# Recommended PCI wireless card



## parrot (Feb 18, 2010)

Hello! Is there a wireless card (or even a chipset), that is most recommended with Free BSD *8.0* (or PC BSD *8.0 RC2*).

I have already found the appropriate section of the hardware notes (http://www.freebsd.org/releases/8.0R/hardware.html#WLAN), but this is quite a long list, and no specific reviews are available. 
I'm thus interested whether somebody has experience with WPA (or WPA-2) capable PCI wireless adapters working out of the box on Free BSD.


Currently, I have a Edimax EW-7128g (Ralink chipset), which did not work for me: from its normal position it could not detect any wireless networks at all; placing it close to my AP (a few cm distance), it could see the wireless network but could not connect to it (even after temporarely disabling WPA).
Now to tell the truth, I suspect that this is a hardware issue, since it cannot find any wireless networks also under Windows. HOWEVER: under Windows, when I tried moving it very near to my access point, it could not only detect the access point but also connect to it. So it still might be that my card is not fully supported under FreeBSD.
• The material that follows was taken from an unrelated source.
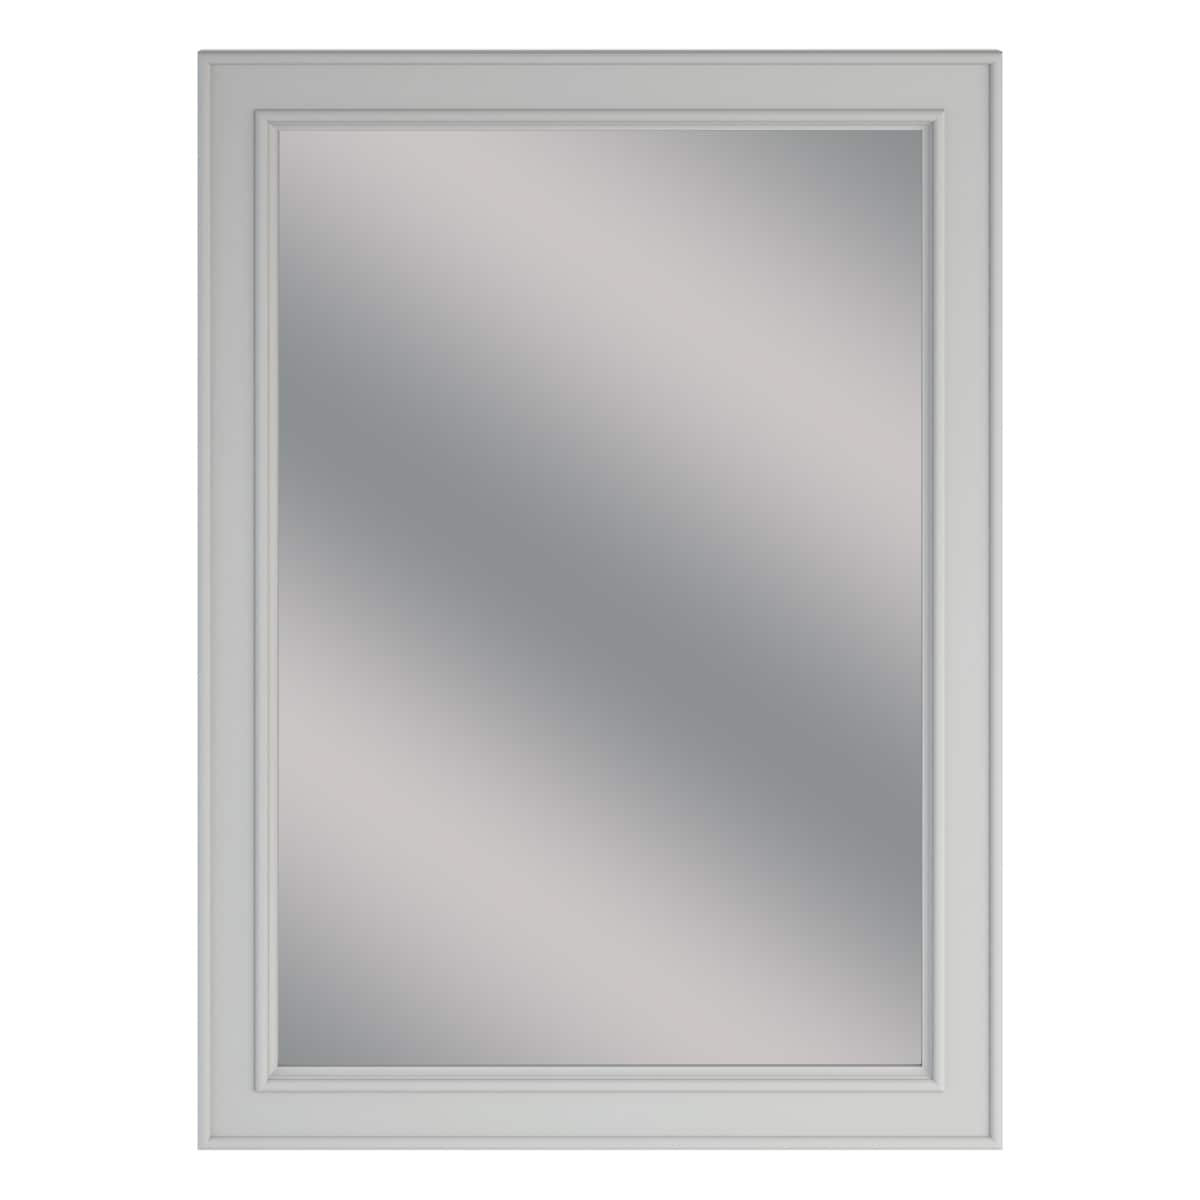 Wrightsville 22-in x 30-in Light Gray Rectangular Framed Bathroom Vanity Mirror | - allen + roth 1116MR-22-242
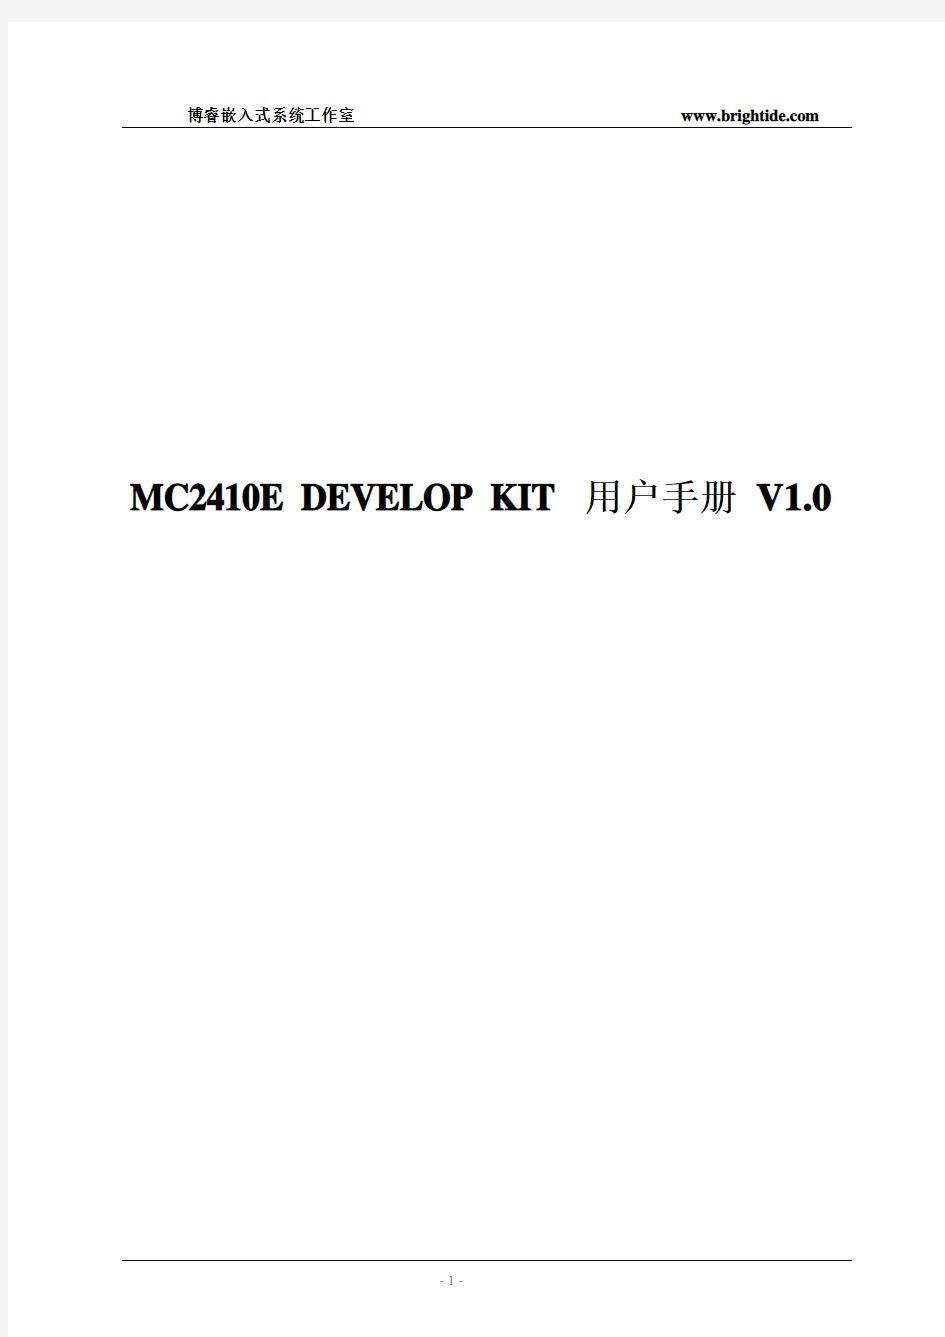 MC2410E DEVELOP KIT 用户手册 V1.0

I have lost much time in experimenting, now I'd rather prefer buying a new adapter that is sure fully supported, so that I could actually get back to do some productive work


----------



## jb_fvwm2 (Feb 19, 2010)

Strange, upon much investigation I got a
edimax ew-7318usg which unexpectedly (much
errors leading upto it, wpa_ etc ) works flawlessly.
(I'm using _8 stable , on that box).
Cannot readily supply the configuration, it may
depend on your access point.  Is the latter not
very powerful, maybe...
Check the picture of the one I mentioned, note it
has an antenna...


----------



## lme@ (Feb 19, 2010)

I am very happy with my Atheros-based Allnet PCI card. I can't access it now, so I can't tell you the excact name of it.


----------



## parrot (Feb 23, 2010)

Hello, thanks for posting 
For now, I have bought a cheap TP-Link TL-WN321G USB adapter, and it kind of works: it can connect to my AP, but after some traffic (maybe half an hour or an hour), it disconnects. Of course, it could be that I have not configured something correctly...


----------



## bschmidt (Feb 23, 2010)

parrot said:
			
		

> Hello, thanks for posting
> For now, I have bought a cheap TP-Link TL-WN321G USB adapter, and it kind of works: it can connect to my AP, but after some traffic (maybe half an hour or an hour), it disconnects. Of course, it could be that I have not configured something correctly...



This card is used with the rum(4) driver isn't it? Are you using TKIP for encryption by any chance?


----------